[About this exercise]:
Extract the full listing verbatim and drop any pictures from your copy.

[Source data]:

........

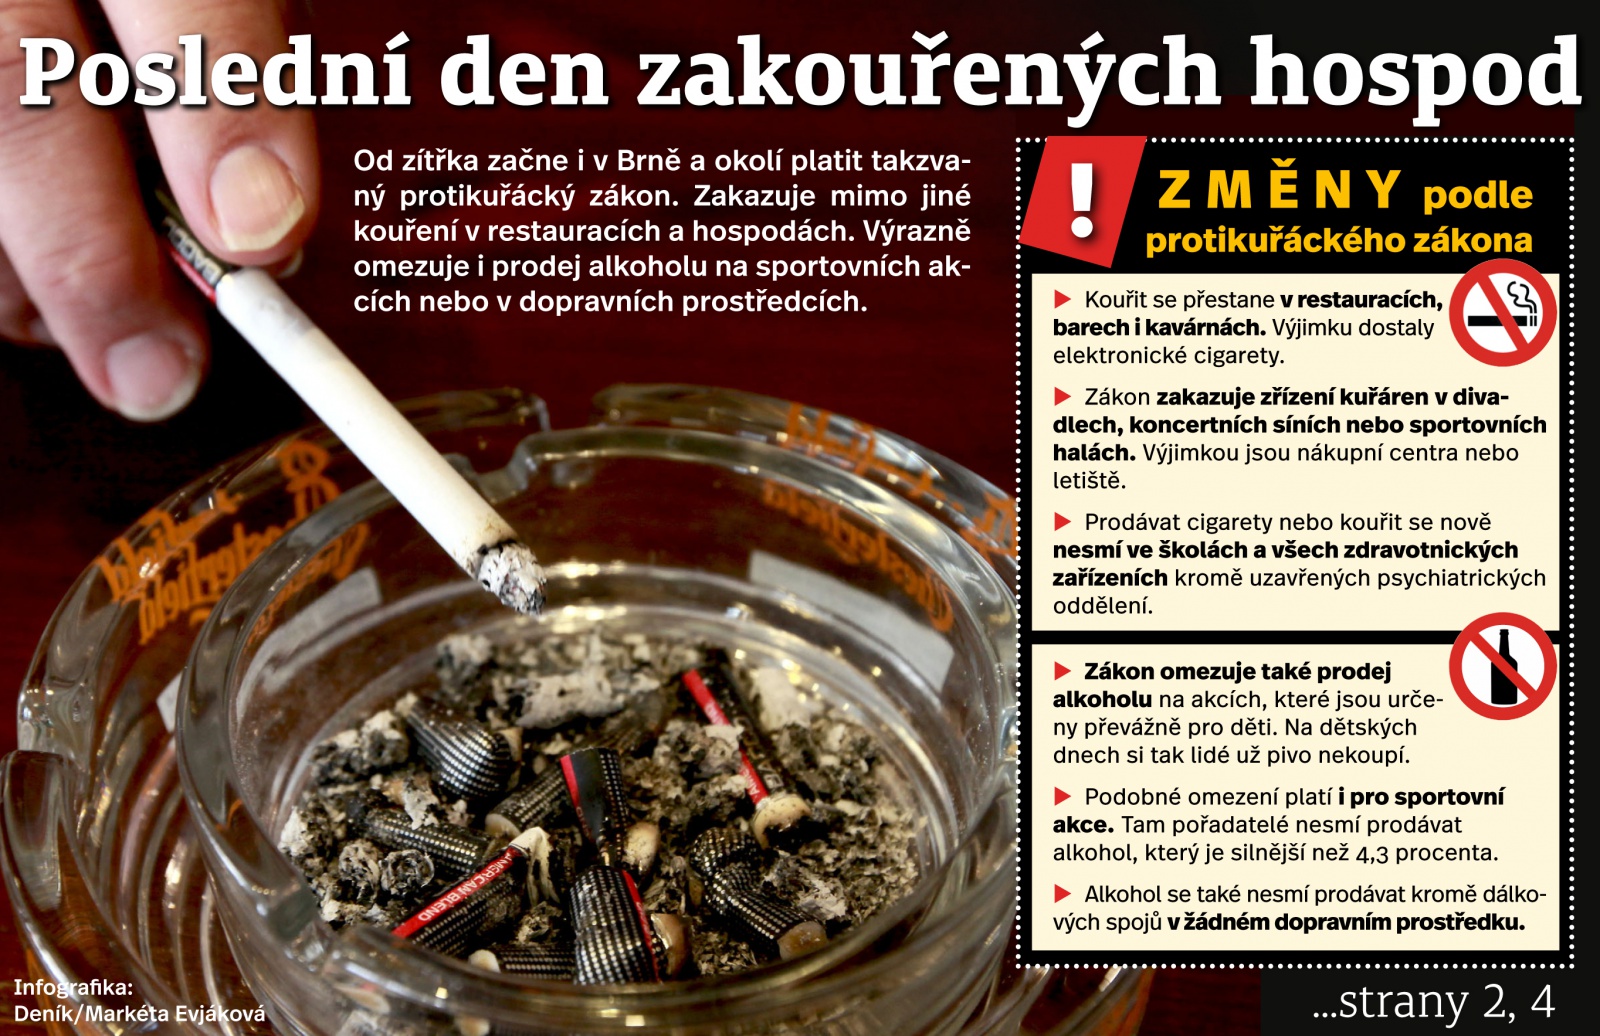 Poslední den kouření v hospodách: Kuřáci mi říkali, že chodit nebudou,  tvrdí muž - Znojemský deník
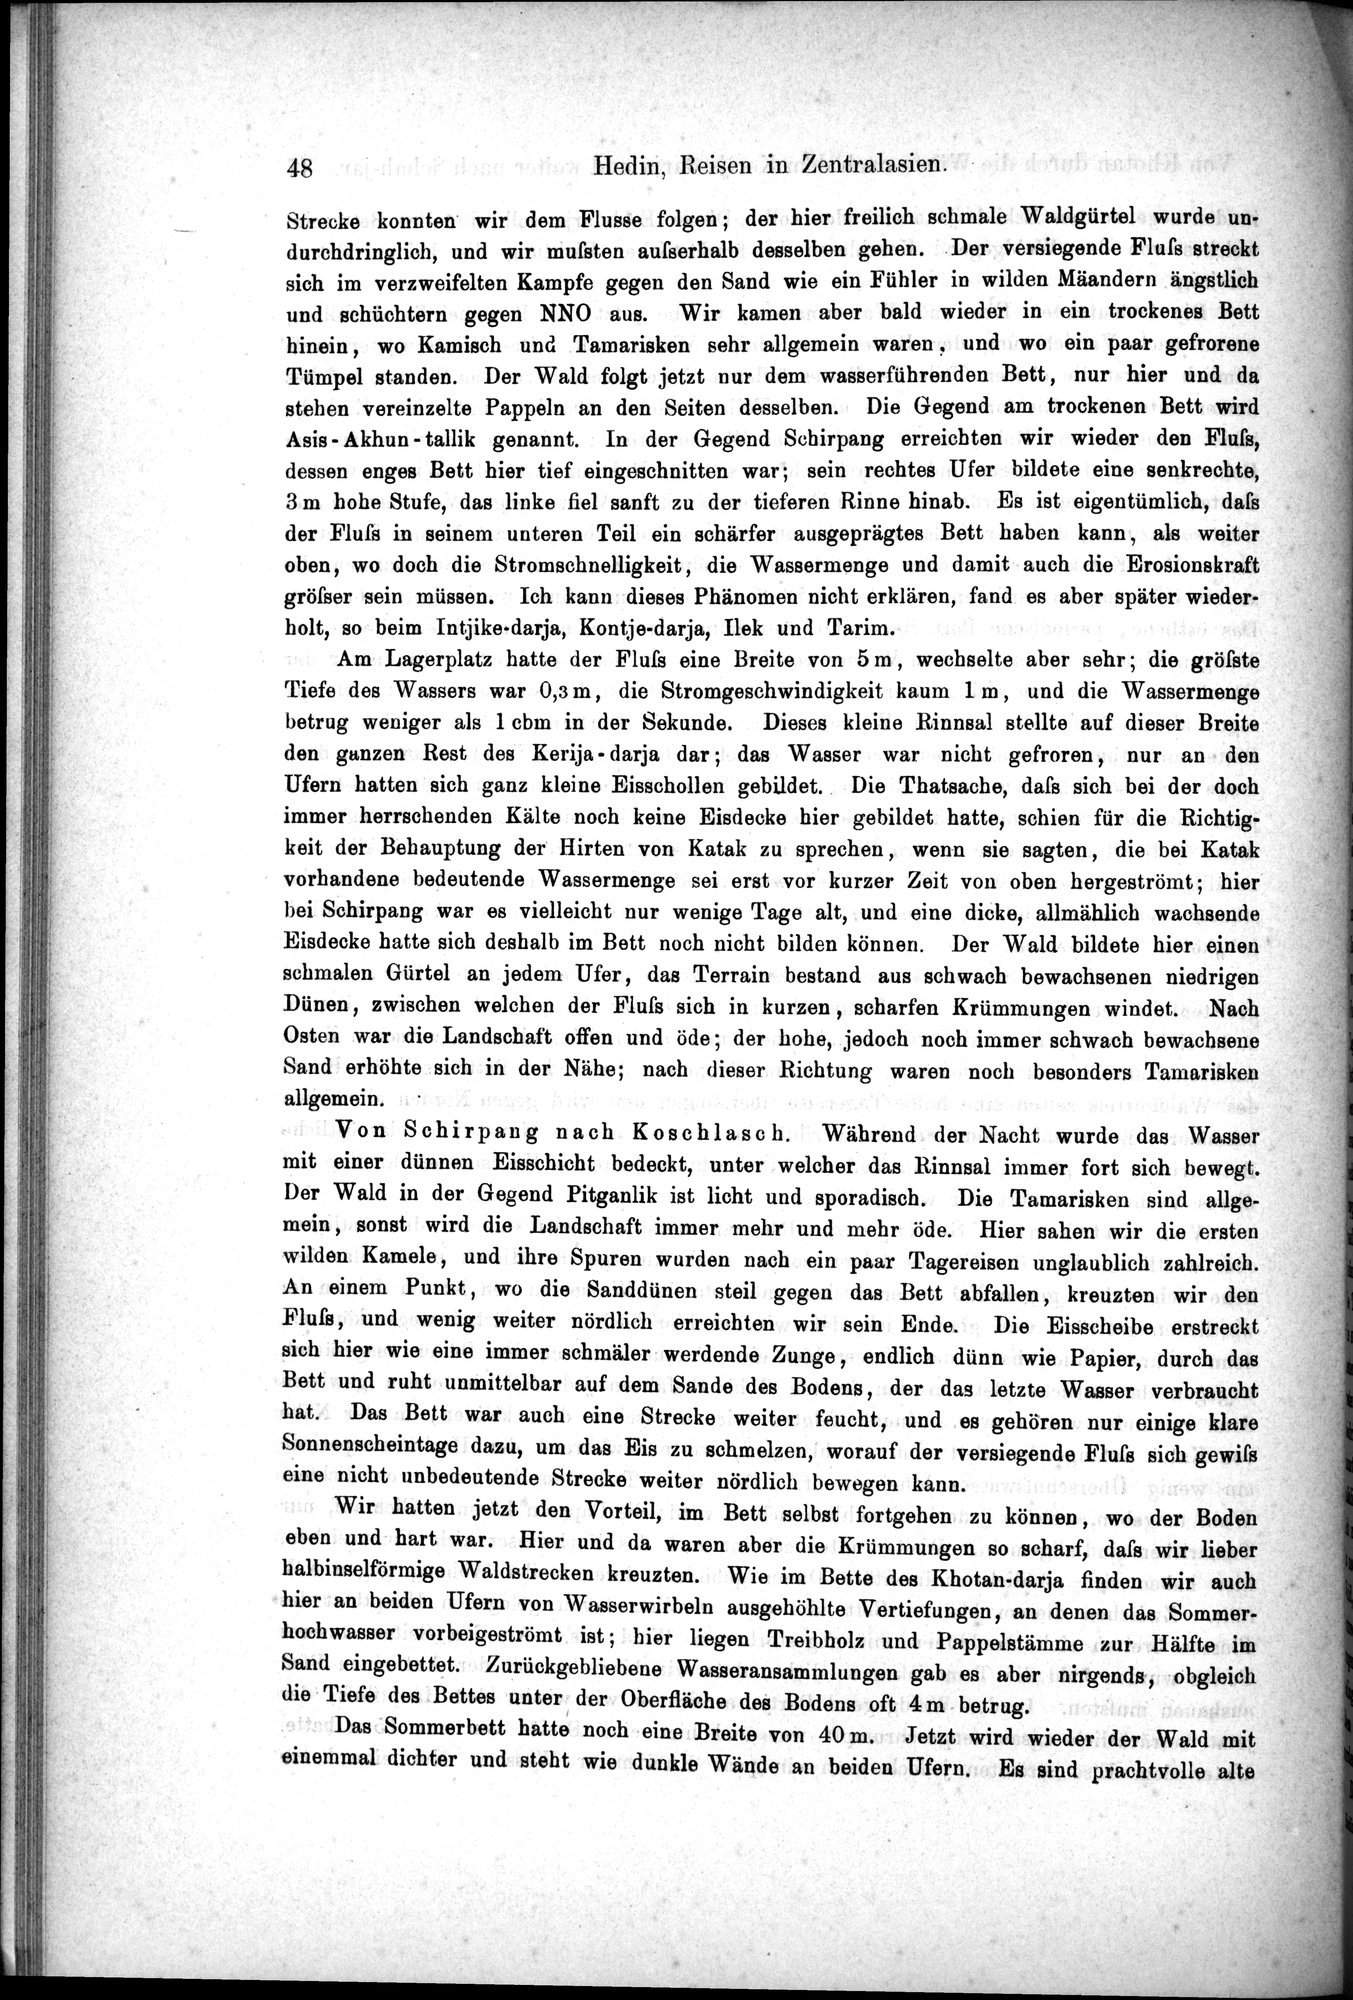 Die Geographische-Wissenschaftlichen Ergebnisse meiner Reisen in Zentralasien, 1894-1897 : vol.1 / Page 60 (Grayscale High Resolution Image)
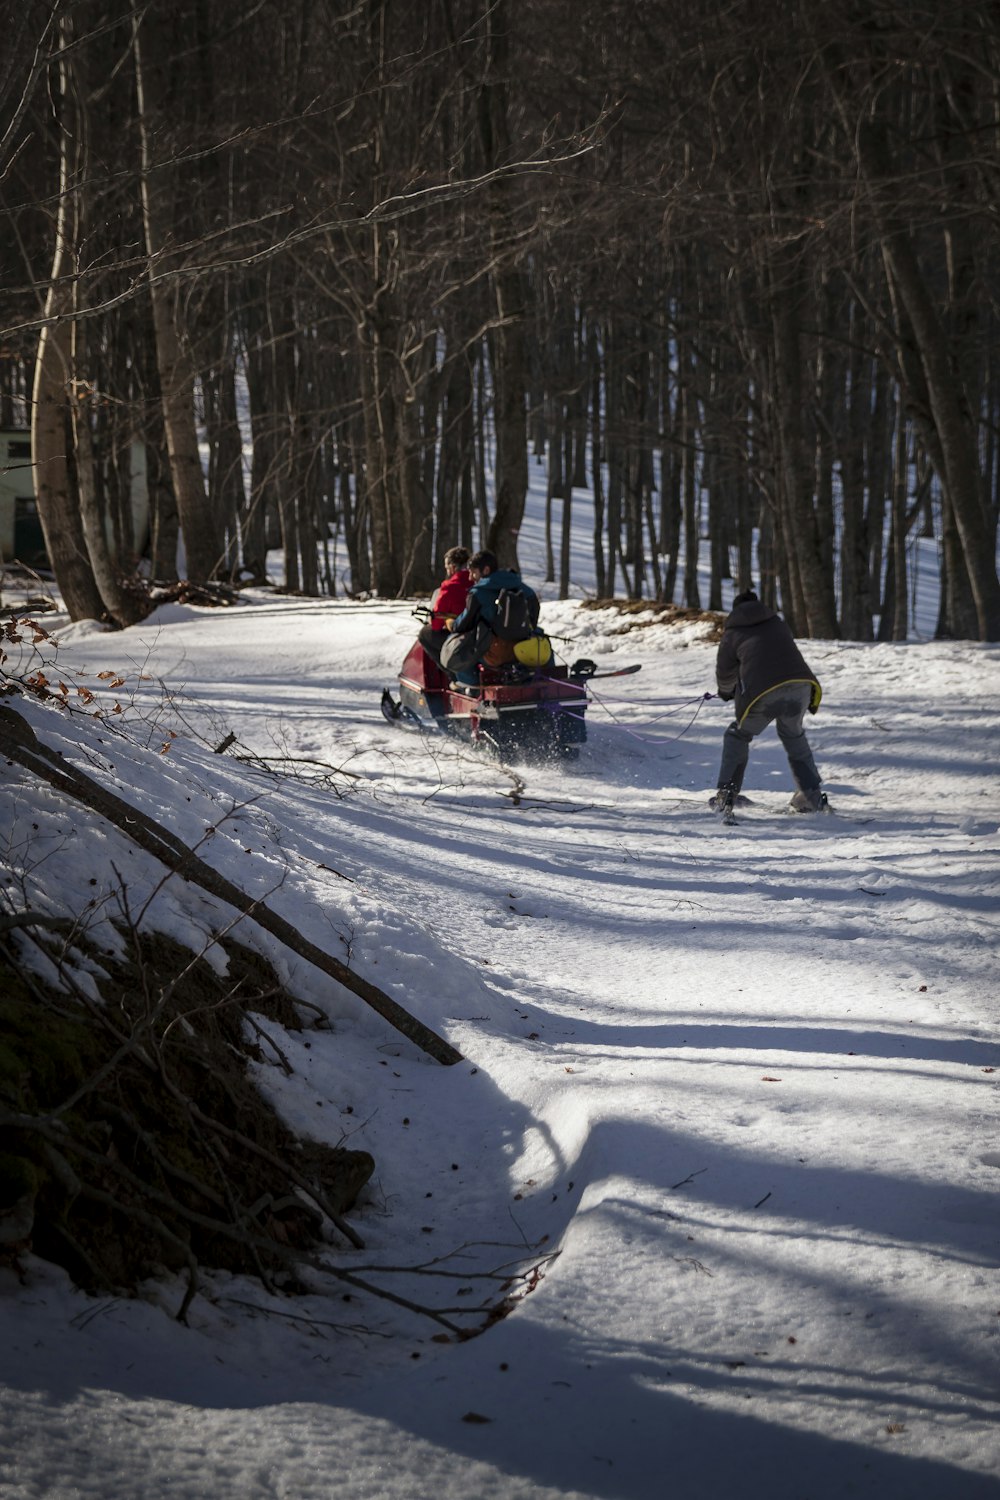 Personen, die tagsüber auf schneebedecktem Boden mit dem Skilift fahren

........

[Reply]:
 Poslední den kouření v hospodách: Kuřáci mi říkali, že chodit nebudou,  tvrdí muž - Znojemský deník
 Die Geographische-Wissenschaftlichen Ergebnisse meiner Reisen in Zentralasien, 1894-1897 : vol.1 / Page 60 (Grayscale High Resolution Image)
 Personen, die tagsüber auf schneebedecktem Boden mit dem Skilift fahren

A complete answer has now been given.